I can't promise that it will be a successful metaphor, but I hope you'll stay with me.
This morning, I drove to the local middle school. I've been doing some editing work for one of the administrators, and planned to pop in and pop out to get a paycheck. I felt good on the drive down--sunny, hopeful. Paul and I had talked last night after a difficult conversation the evening prior, and I felt like we had made headway.
Marriage with young children is tough. It's easy to give everything away, and leave nothing for each other. We came up with all sorts of solutions, but we're trying this strategy: I will stop doing non-essential chores if they make me resentful. For example, if I don't feel like doing the dishes or picking up Paul's dirty clothes, then I won't. He will either do it himself, or I will do it at a time that it no longer makes me resentful.
It's not passive-aggressive, because we agreed on this strategy together. I've just started it, but I already feel a bit empowered.
But, oh, the fighting and the discussing is challenging. I spent yesterday emotionally spent, writing and deleting blog posts that were full of the drama and the darkness. It is work to figure out how you're feeling. It is work to push up from the darkness and bring issues to light. It is so much easier to stay underground. And yet, Paul and I made the decision to push, and to seek the sunshine.
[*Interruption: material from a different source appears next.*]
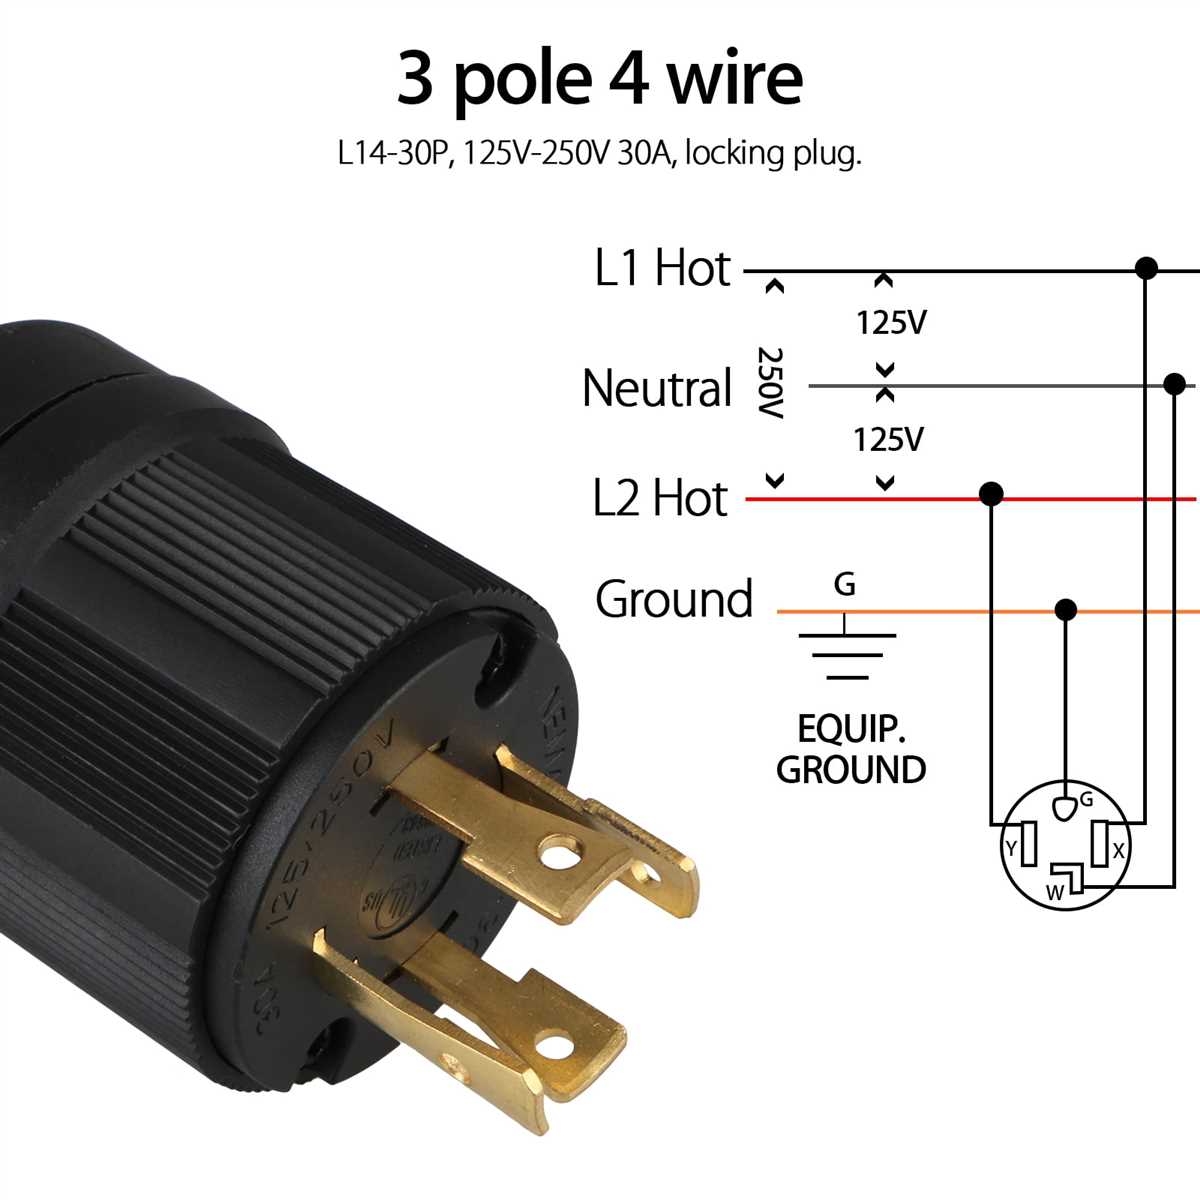 Nema l14-20p wiring diagram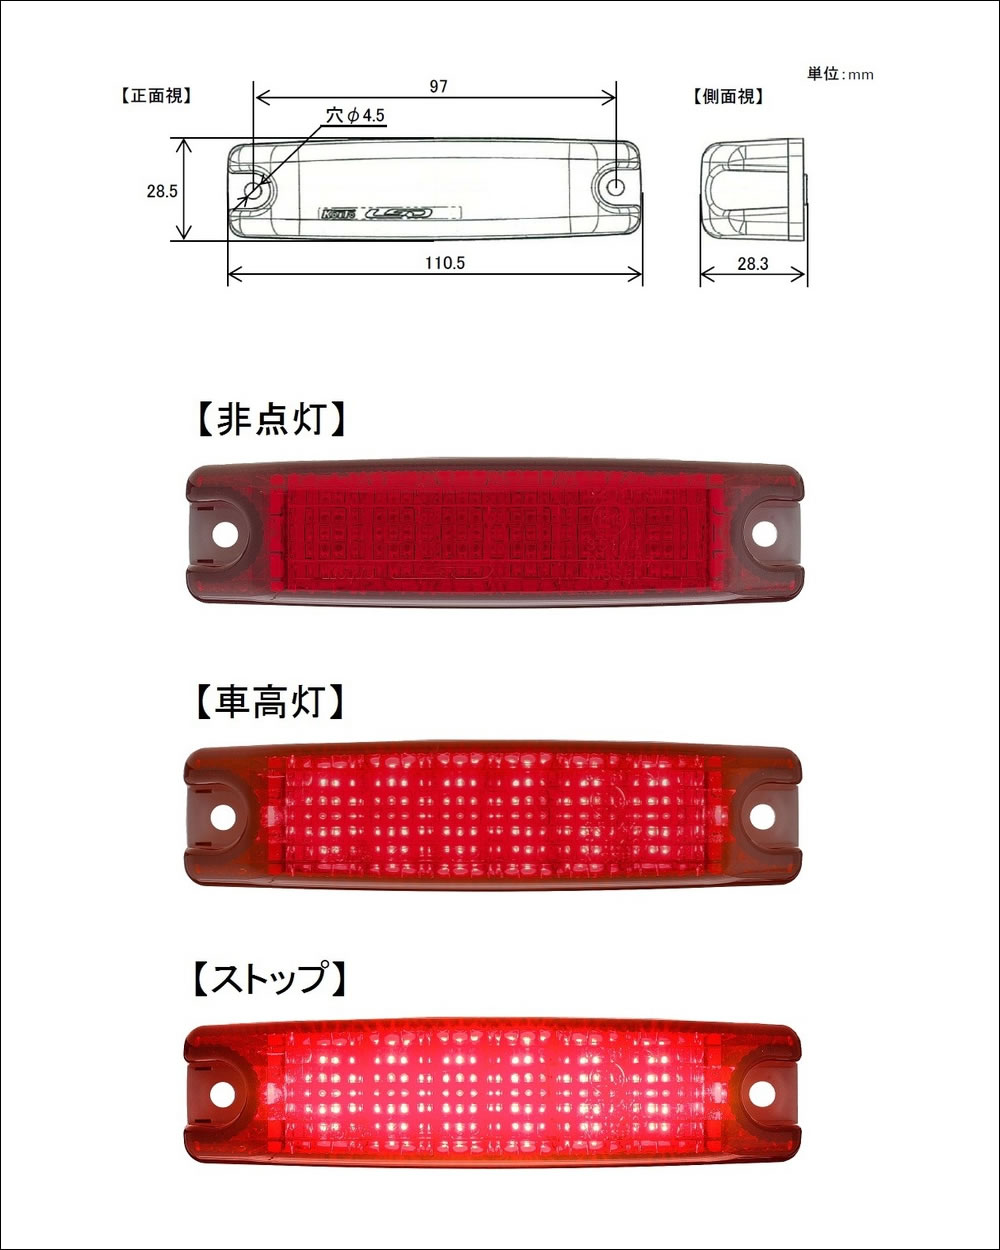 LED-STOPLM-M. LED車高灯 & ストップランプミニ

This was on my mind as I drove to that middle school. I unloaded the boys and stepped into the office. While we were waiting to get the envelope, Joel bumped his head on something and started crying.
I rushed him out of the office, but not in time. There was another boy in the room, probably an eighth grader. Big kid. He was getting visibly agitated by the noise, started screaming, and the next thing I know, he had shoved me, twice, and hit Joel in the face before an incredibly quick and compassionate secretary restrained the boy.
Joel was wailing. Owen was terrified. I was shaking. I was quickly whisked into another room, where we all settled down. The principal was apologizing, as she explained that the boy, who had severe Autism, was triggered by noise.
I understood. This was no thug. This was a terrified young man, already in the office for whatever reason, now faced with too much noise, too much overload, just too much. They were not excusing him-as they were attending to the boys and I, the young man was talking with the vice principal---nor were they dismissing the fact that my boys and I were physically attacked.
Somebody hit this face?
I'll admit that the thought passed through my mind--Why was that kid unsupervised? Who allowed him there?
The mama-bear inside me wanted to rip his face off.
Of course, I don't know this kid. I don't know his history, or what makes him happy.
I don't know anything except that somebody loves him.
Somebody rocked that baby to sleep.
Somebody is going to get a phone call today saying that her son attacked a crying baby, and that mother is going to despair, and hope, and pray for answers. She will cry for her son.
And while I am sad for my sons, and scared, and furious, I am also crying for her son. Hoping for him. Sending love his way. Praying that he gets the support he needs so he can flourish, and grow.